One of United Way’s flagship programs, Attendance Matters, aims to reduce absenteeism at local schools. Through the Lunch Buddy program, it pairs local mentors with students with high rates of absenteeism.
Ayers said there’s a need for more volunteers.
A push for a complete census
United Way will spearhead efforts to get a complete count for the 2020 census. The agency applied for and recently received a $40,000 grant from the Washington Census Equity Fund to work on outreach, communication and training.
“Federal dollars are driven by census counts. In 2010, we were 25 percent to 27 percent undercounted. We looked a lot smaller to funding sources,” Ayers said.
That percentage is expected to improve with intervention and a public awareness campaign.
Way will use the grant money to create public service announcements and
multimedia campaigns to equip employers, pastors and leaders with the tools
they need to educate. It also hopes to plan events to allow census takers to
reach the homeless population.
The Tri-Cities Counts committee launches this month.
Fears concerning identity theft, a growing immigrant population, limited access to technology, shorter attention spans and distrust of the government could prevent people from filling out the census.

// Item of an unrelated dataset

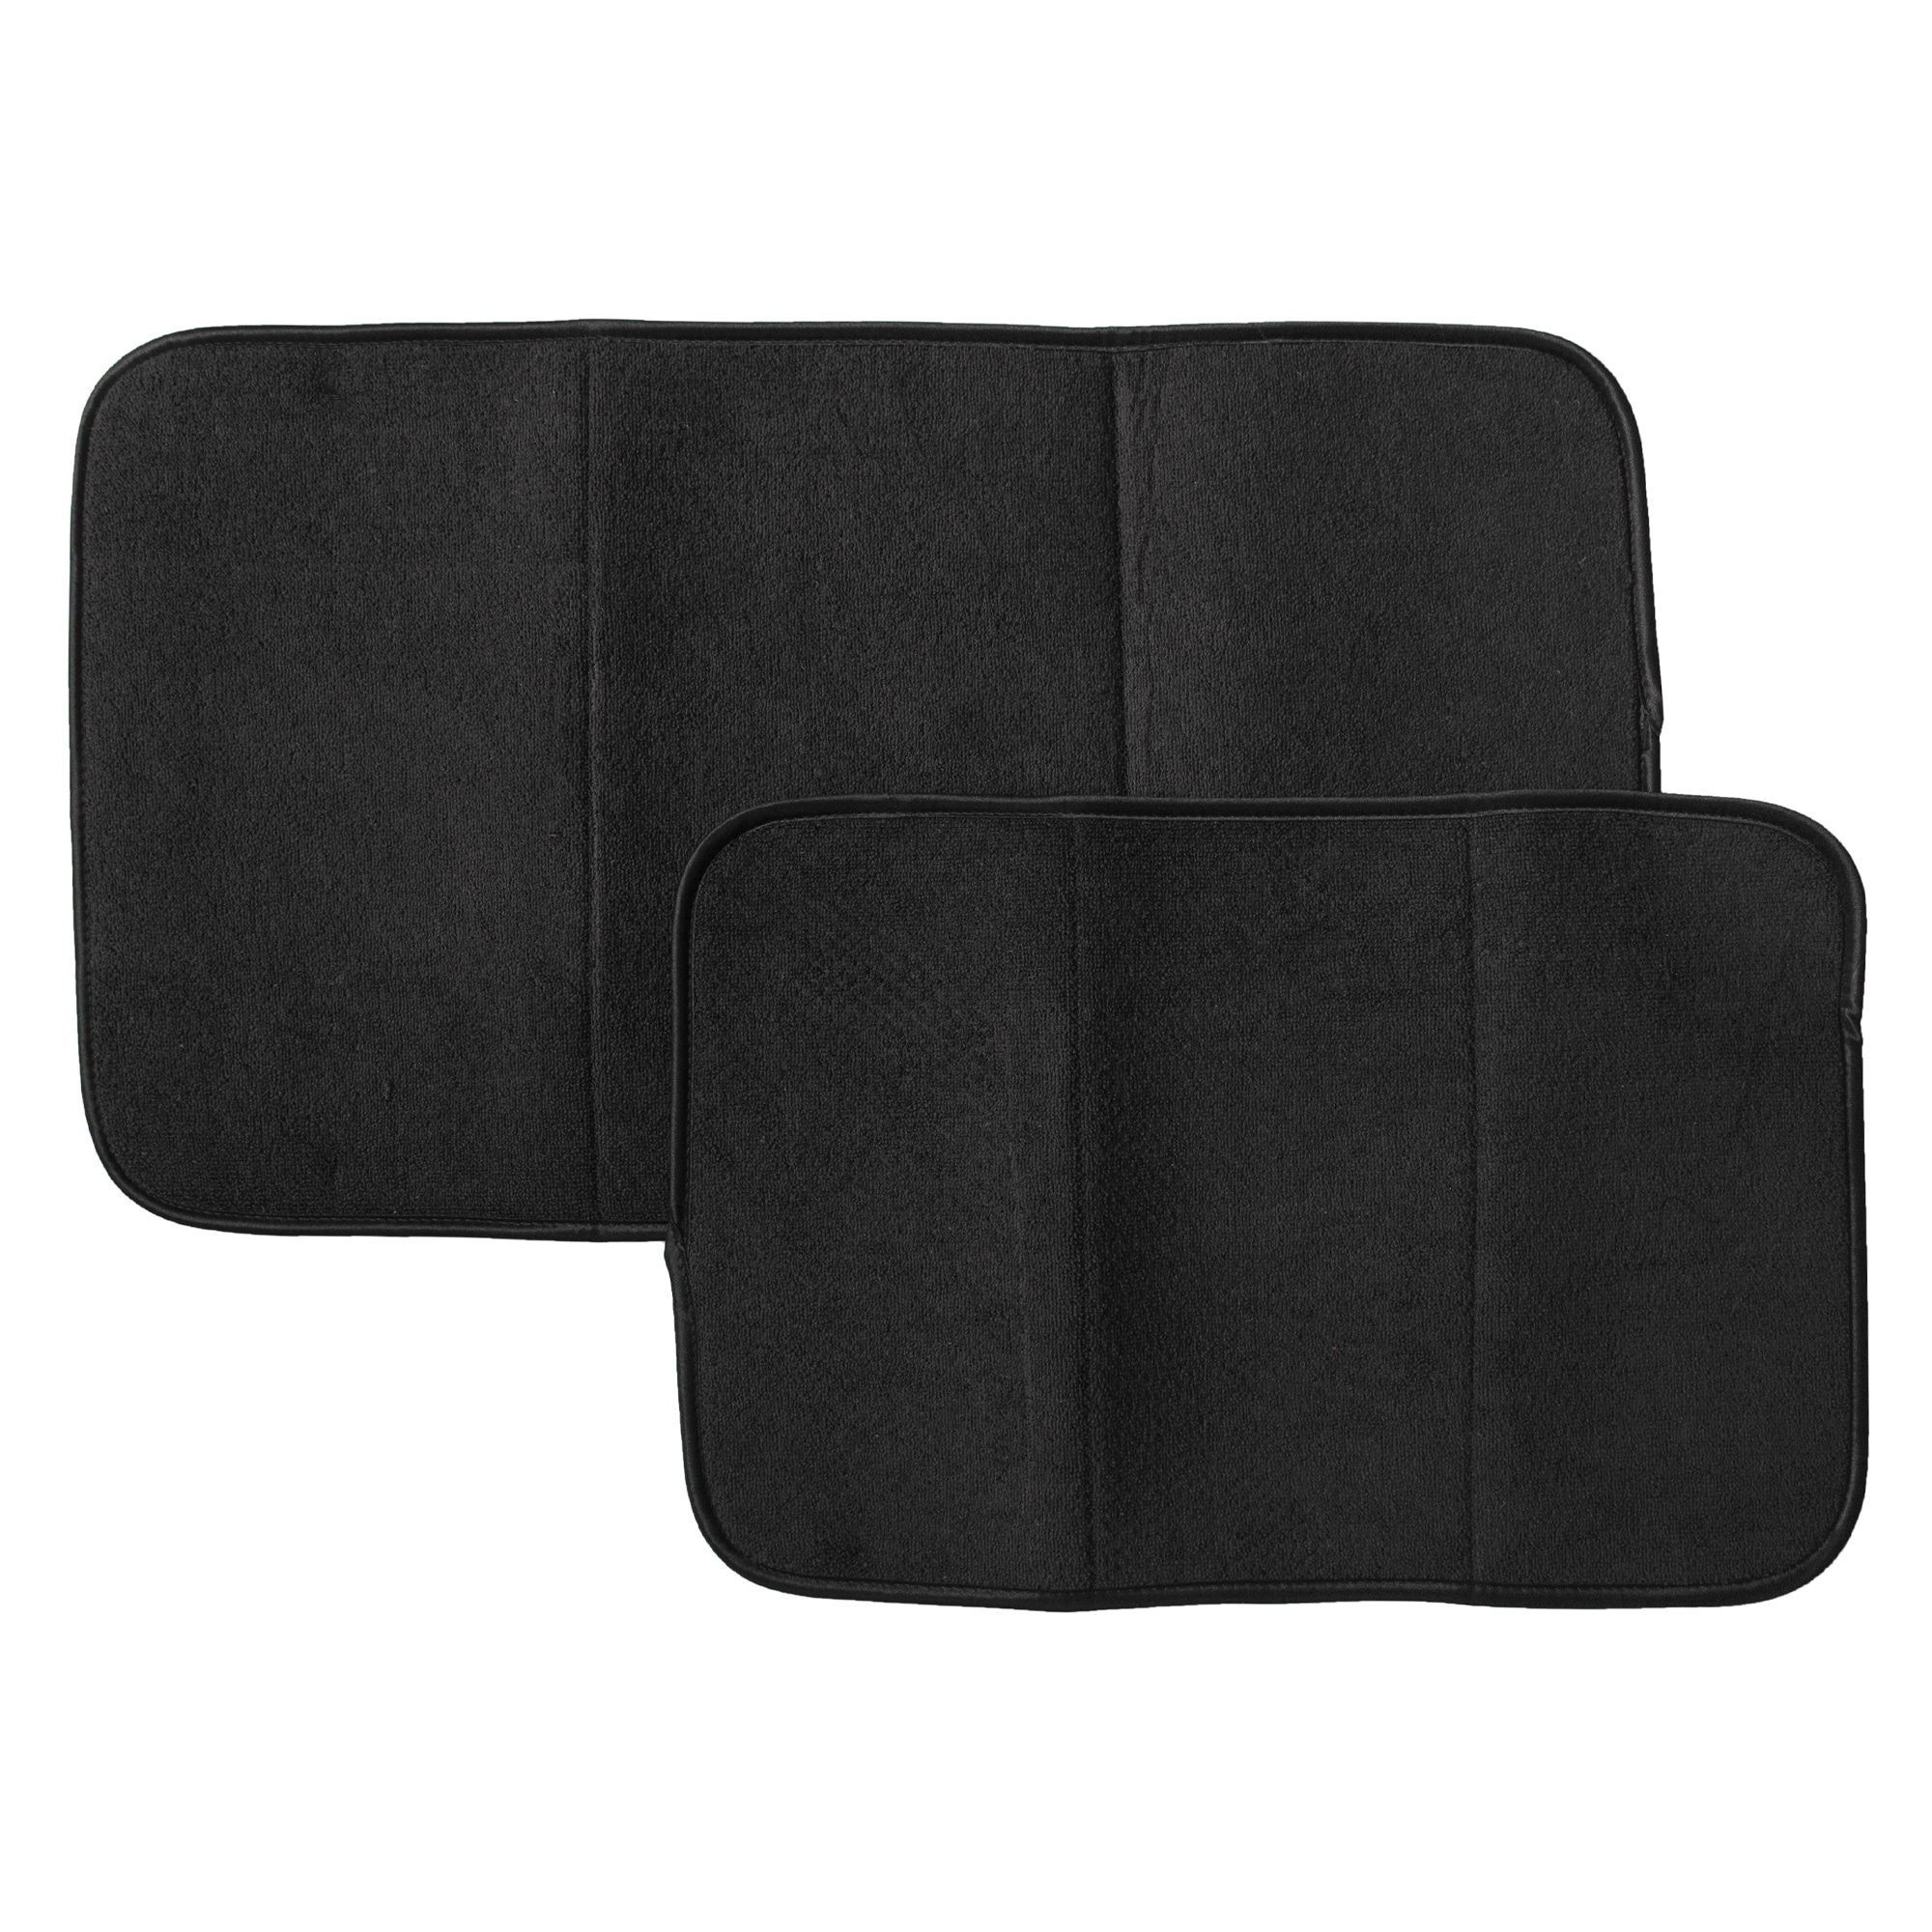 https://ak1.ostkcdn.com/images/products/is/images/direct/b1afff06ecf684ffd18586022cb96d013c15aea0/T-fal-Textiles-Microfiber-Dish-Drying-Mat-Reverses-to-Mesh%2C-2-Piece-Set.jpg

“The hardest to count are families of young children, those with limited language and education, and people who are refugees and immigrants,” Ayers said.
The state Office of Financial Management estimates that for every person not counted in the 2020 census, the state would lose nearly $2,000 per person per year in federal program funding.
“If you’re an individual, or family, that affects Pell Grants, free and reduced lunch, WIC (a federal nutrition program for women, infants, and children) and SNAP (federal Supplemental Nutrition Assistance Program), and public housing. For business that could mean less money for public infrastructure and transportation, and business loans,” Ayers said.
“We’re going to continue to grow, but have less access to money. It’s super important that people understand that,” Ayers added.